The Associated Press

LOS ANGELES- Would-be criminals beware: you don't want to afoul of Deputy Lou "The Incredible Hulk" Ferrigno.

The former bodybuilder and star of the 1970s TV show no longer turns into a raging green monster when he sees people breaking the law. But since being sworn in Monday night as a Los Angeles County Sheriff's Department reserve deputy, he has the power to arrest them.

"I'm having a blast," Ferrigno told The Associated Press after his swearing-in ceremony.

"My father was a police officer with the New York Police Department, I've always had a high respect for officers," he added. "I want to give back to the community, and I want to work with young kids, help them get off drugs."

Ferrigno, 54, began training to become a reserve deputy last September after passing a background check. He completed training in firearms, first aid, and high speed driving techniques and was recognized as "an outstanding trainee" by Sheriff Lee Baca.

"Mr. Ferrigno will certainly help inspire those currently serving as reserves, and he'll be an encouragement to those who may wish to become" reserve deputies, Baca said in a statement.

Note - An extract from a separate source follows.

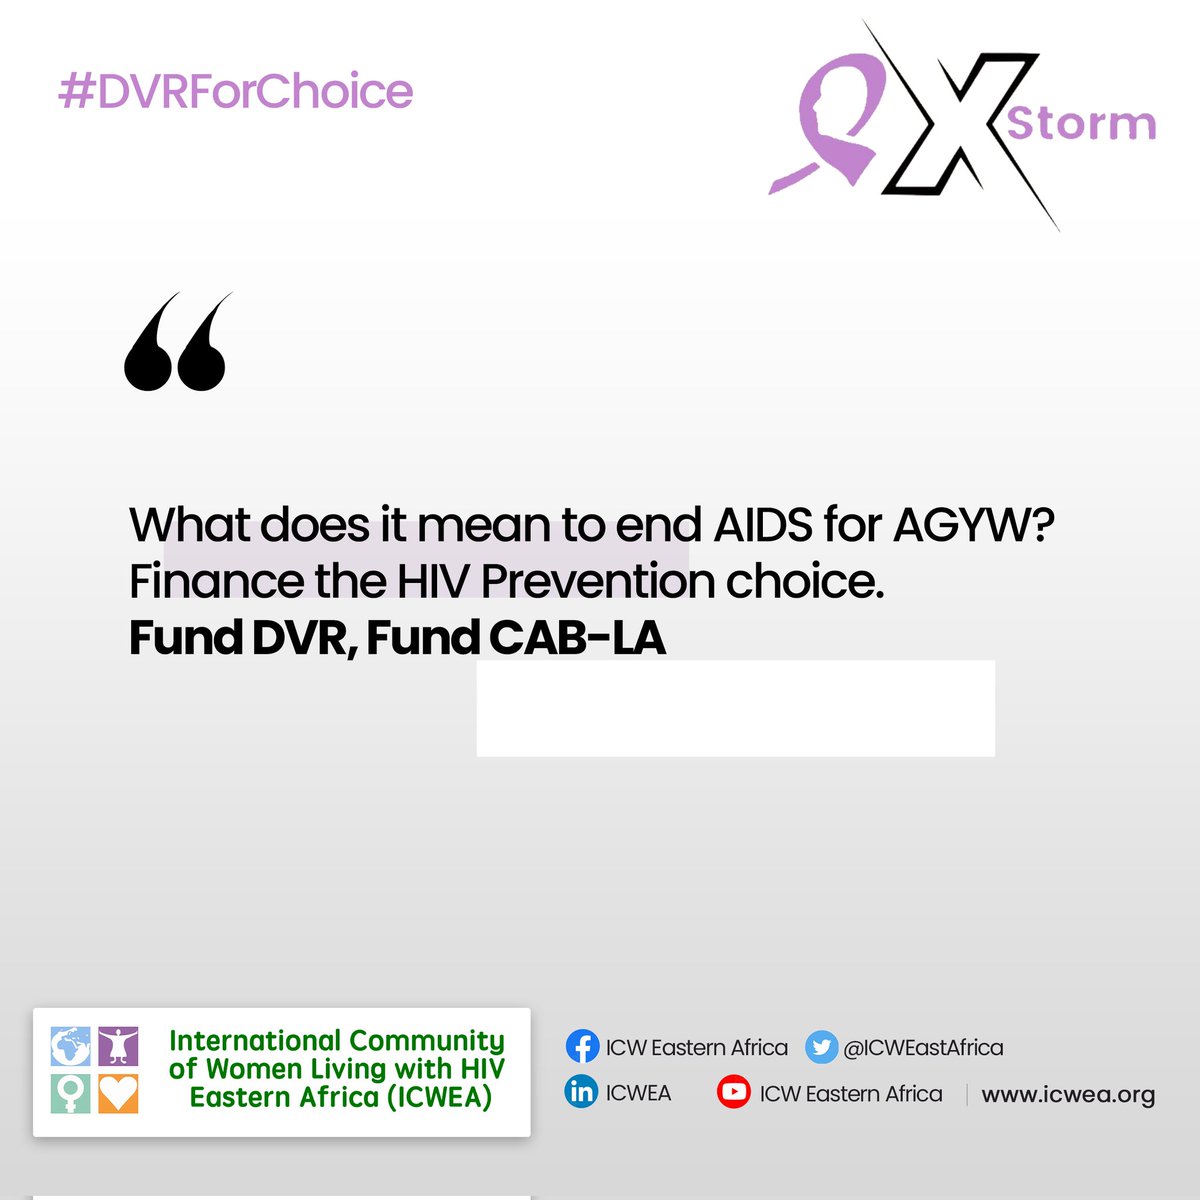 What does it mean to end AIDS for AGYW? Finance the HIV Prevention choice. Fund DVR, Fund CAB-LA. Cc: @Aidsfonds @ICWEastAfrica @UNAIDS @GlobalFund @PEPFAR @Jnkengasong @aidscommission @HIVpxresearch @unwomenuganda #DVRForChoice #PreventionByChoice #ChoiceManifesto

Ferrigno, who will serve at least 20 hours a month, suffered a partial hearing loss in childhood that will result in his being assigned to duties that likely won't result in his having to make arrests. Instead, he'll focus on helping recruit new deputies and work with the sheriff's Youth Activities League and the Special Victims Bureau, which assists abused children.

Ferrigno was a renowned bodybuilder before he starred in the CBS television series "The Incredible Hulk" from 1977 to 1982. The late actor Bill Bixby played mild-mannered scientist David Bruce Banner who, as Ferrigno, turned into a Herculean, green-skinned monster whenever he lost his temper. He switched back to Bixby's character as soon as he calmed down.

In recent years, Ferrigno has appeared as himself on the CBS sitcom "The King of Queens."